A stripper well is broadly defined as one that produces less than 10 barrels of crude or 60,000 cubic feet of natural gas per day. Nationwide, the average is more like two barrels of crude or 15,000 cubic feet of gas.

The crumbs that the oil giants pushed off their plates years ago sustain small independent operators in at least 28 states. And when petroleum prices are weak, as they were for much of the 1990s, the impact on these companies is harsh and immediate.

"When prices came down, your lifestyle contracted right with it," recalled David Pitts of Pitts Energy, a small independent oil company in Midland run by David, his two brothers and their father.

But while the Pitts family cut back personally, Pitts Energy took advantage of the situation by snapping up unwanted wells at cut-rate prices. It doubled the size of its portfolio between 1993 and 1999.

Today Pitts Energy is doing so well it is considering hiring someone from outside the family to help manage its 150 wells.

The number of stripper oil wells nationwide rose to 423,000 in 1999 from 419,000 in 1998, according to the latest figures from the Interstate Oil and Gas Compact Commission in Oklahoma City. But even with the recent rise, there are still 9 percent fewer stripper wells than in 1990.

The challenge for Battlecat and the others is to control their costs.

Standing beside the oil pump at Walker "33" as it rises and falls hypnotically, Semmelbeck rattles off his current monthly expenses: $860 for electricity, $250 for routine maintenance and $2,200 for water disposal. On top of that, he's had to repair the pumping rod several times over the past few months at $5,000 a pop.

"I've got to figure out why it keeps breaking," Semmelbeck said to no one in particular.

His other pressing need is cheaper water disposal. A college classmate from Texas A&M has promised to remove the water for 10 cents a barrel, a savings of 80 percent.

It will cost $15,000 to redirect the water through a new pipe, but Semmelbeck said doing so would enable Walker "33," one of a dozen wells owned by Battlecat, to be profitable by year-end.
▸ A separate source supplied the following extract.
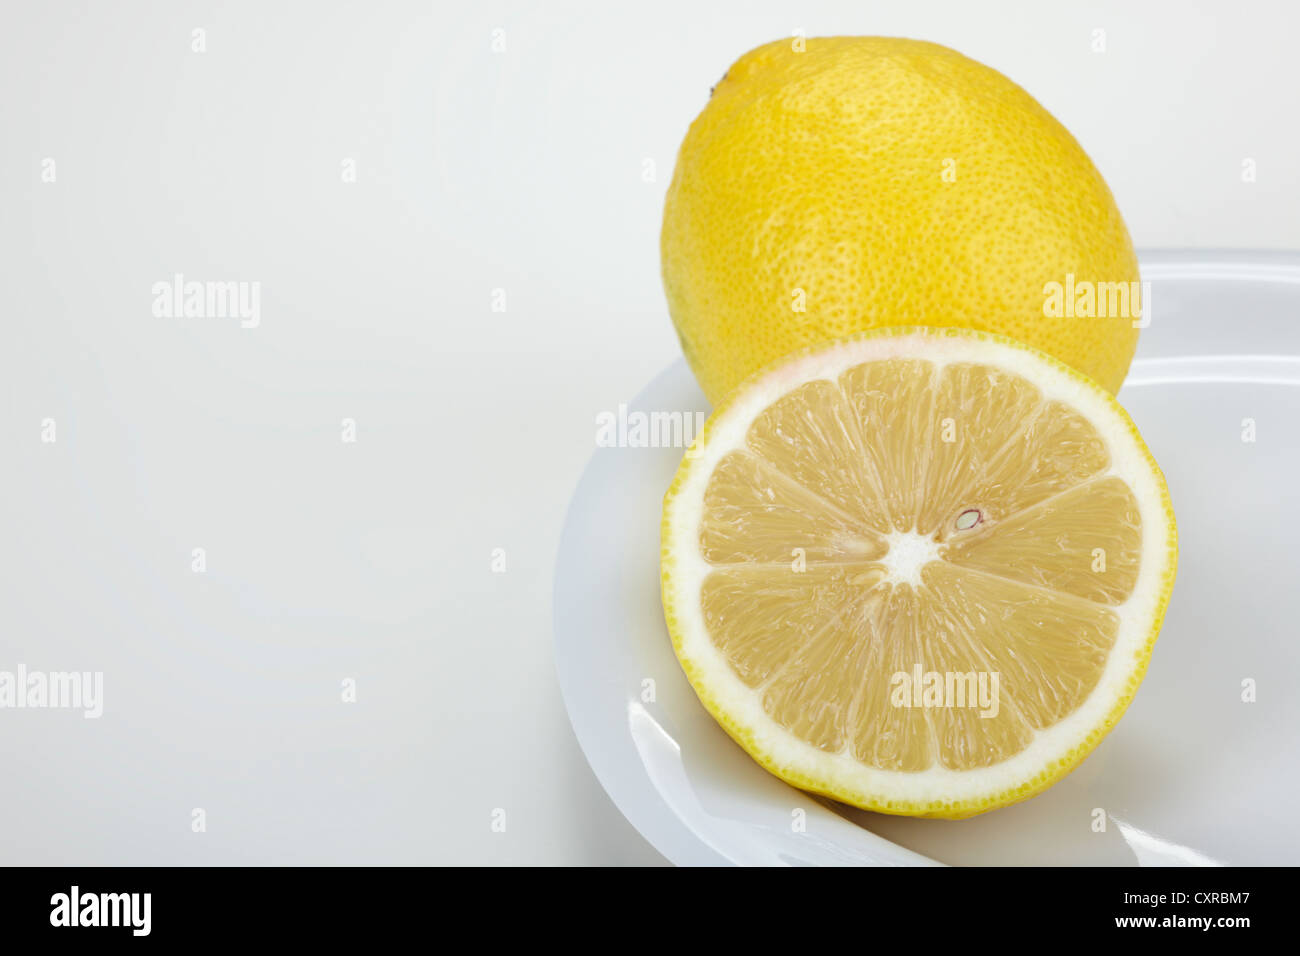 Limón (Citrus limon), enteras y cortadas por la mitad, sobre una placa blanca. Foto de stock

David Griffin of Griffin Petroleum, a father-son company in Midland that owns about 30 properties in Texas, New Mexico and Louisiana, produces the equivalent of 400-plus barrels of oil and gas each day.

"We know some tricks about how to minimize the cost and maximize the production," said Griffin, an independent oil hunter since 1971.

The obstacles faced by stripper-well operators has not attracted much political attention over the years. In fact, the 170-page National Energy Policy unveiled by President Bush in May makes no mention of them.

The wide-ranging energy bill passed by the House this month includes a tax credit for stripper-well operators when petroleum prices are low. The industry views the tax credit as a safety net that would protect up to 70,000 low-producing wells from being shut down.

The oil industry is legendary for its booms and busts, and no one is more vulnerable to the swings than the small-time operators. So what's the appeal?

"It's much more of an entrepreneurial spirit," said David Pursell, a Houston-based investment banker with Simmons and Co. International, which finances petroleum projects. "People are in their garages dreaming of a 50-story glass tower in Houston."

Semmelbeck, who said he enjoys every minute spent tinkering with Walker "33", has big aspirations for Battlecat.

"We're on the bottom of the food chain, trying to scrape our way to the top," he said.

Battlecat recently paid $100,000 to lease 320 acres in Carlsbad, New Mexico, part of a natural gas field known as The Cemetery, an area Semmelbeck believes is not as bleak as it sounds.

"I think there could be as much as 10 billion cubic feet of gas there," he said.

But Battlecat is mainly on the prowl for dying wells that can be resuscitated

"If I can take a well and bring it from 5 barrels a day to 25 barrels a day," he said. "I'll jump on that."